Мальчишка хлопает глазами и ухает, как филин.
— Ух! Ну ты придумала! С какой стати моя мама будет платить тем, от кого хотела бы избавиться?
— Как раз поэтому.
— Ну да, конечно, и где логика? Без денег человек слабее, зависимей, зачем делать своего противника сильнее? Она не для того подначивала папу сделать капитал, чтобы им разбрасываться.
И вот теперь вопрос: как принимать слова Макара? Он говорил, что отступные платила бывшая свекровь. То ли не знал — в конце концов, он был простым водителем в их доме, то ли солгал, то ли перепутал? Или Егор не знает всей обстановки? Сомнительно: внимательный и умный мальчик, его родители ему не посторонние люди, повадки изучил. Второй вопрос: кому мне верить? И номер три, последний, самый главный: а мне какое дело? Ну заплатили девушкам, те не в обиде, я на финансовую сторону развода тоже не обижаюсь. Проехали. Пишу, пока пишу, как говорит Егор, а когда буду править, может вообще это вычеркну.

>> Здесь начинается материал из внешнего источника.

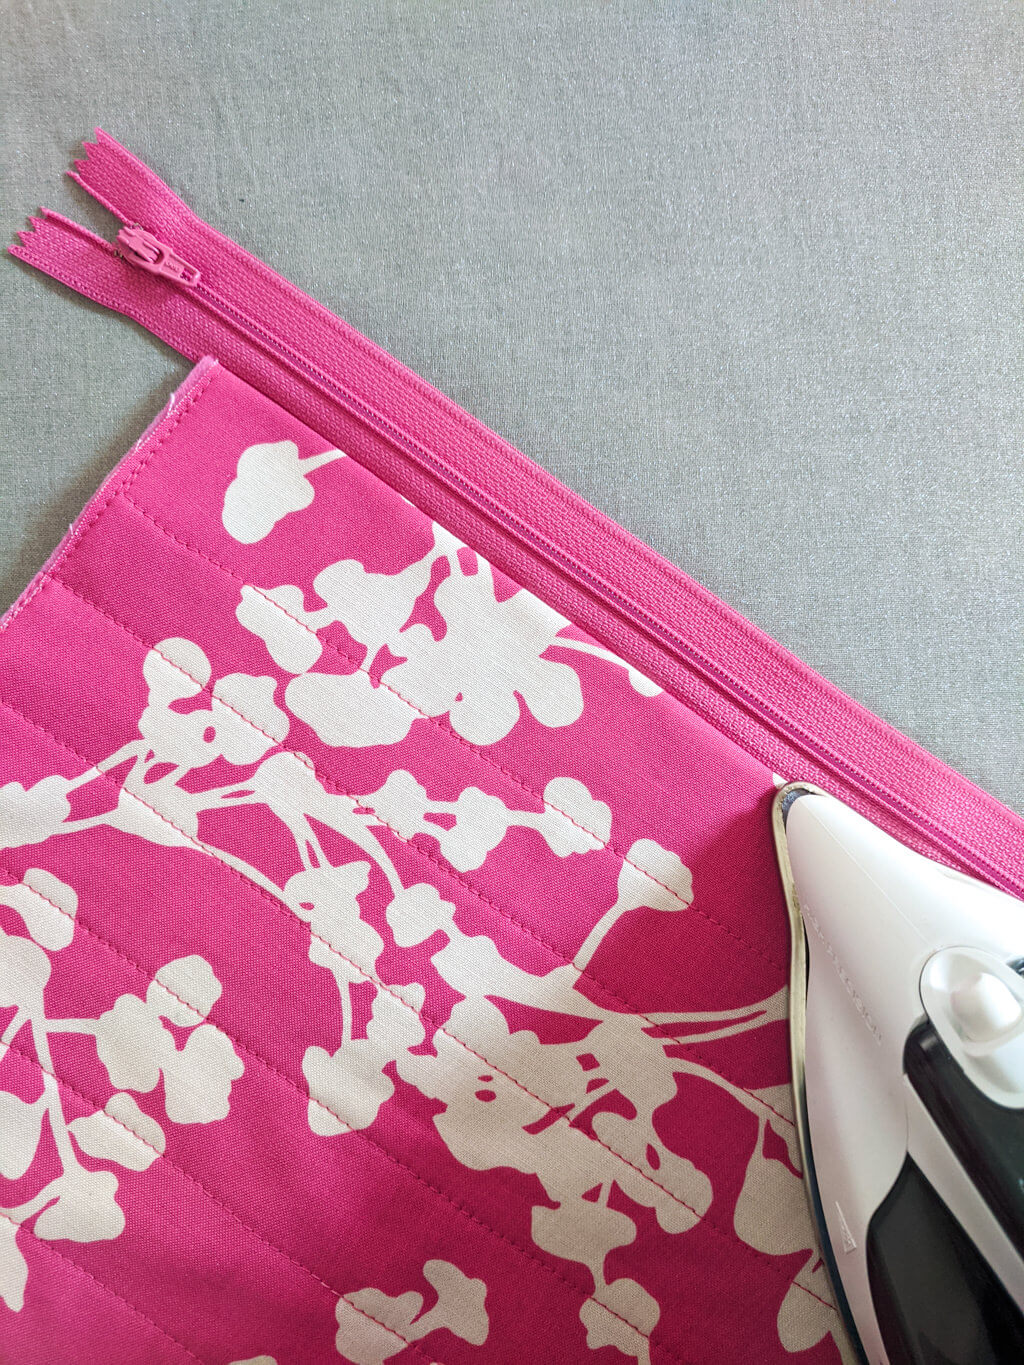 Ironing fabric zipper pouch

— И вот еще, — я снова вспоминаю, — а как на счет той девушки, на рисунках?
— А что с ней?
— Ну вот действительно, что с ней? Ты о ней ни слова.
— Так он же не был на ней женат! — Заметив интерес, Егор меняет местами ноги, чтобы поудобней, упирается подбородком в локоть и смотрит какое-то время задумчиво. — А, ладно, — говорит, — если и скажу, нет здесь ничего такого. Та девушка…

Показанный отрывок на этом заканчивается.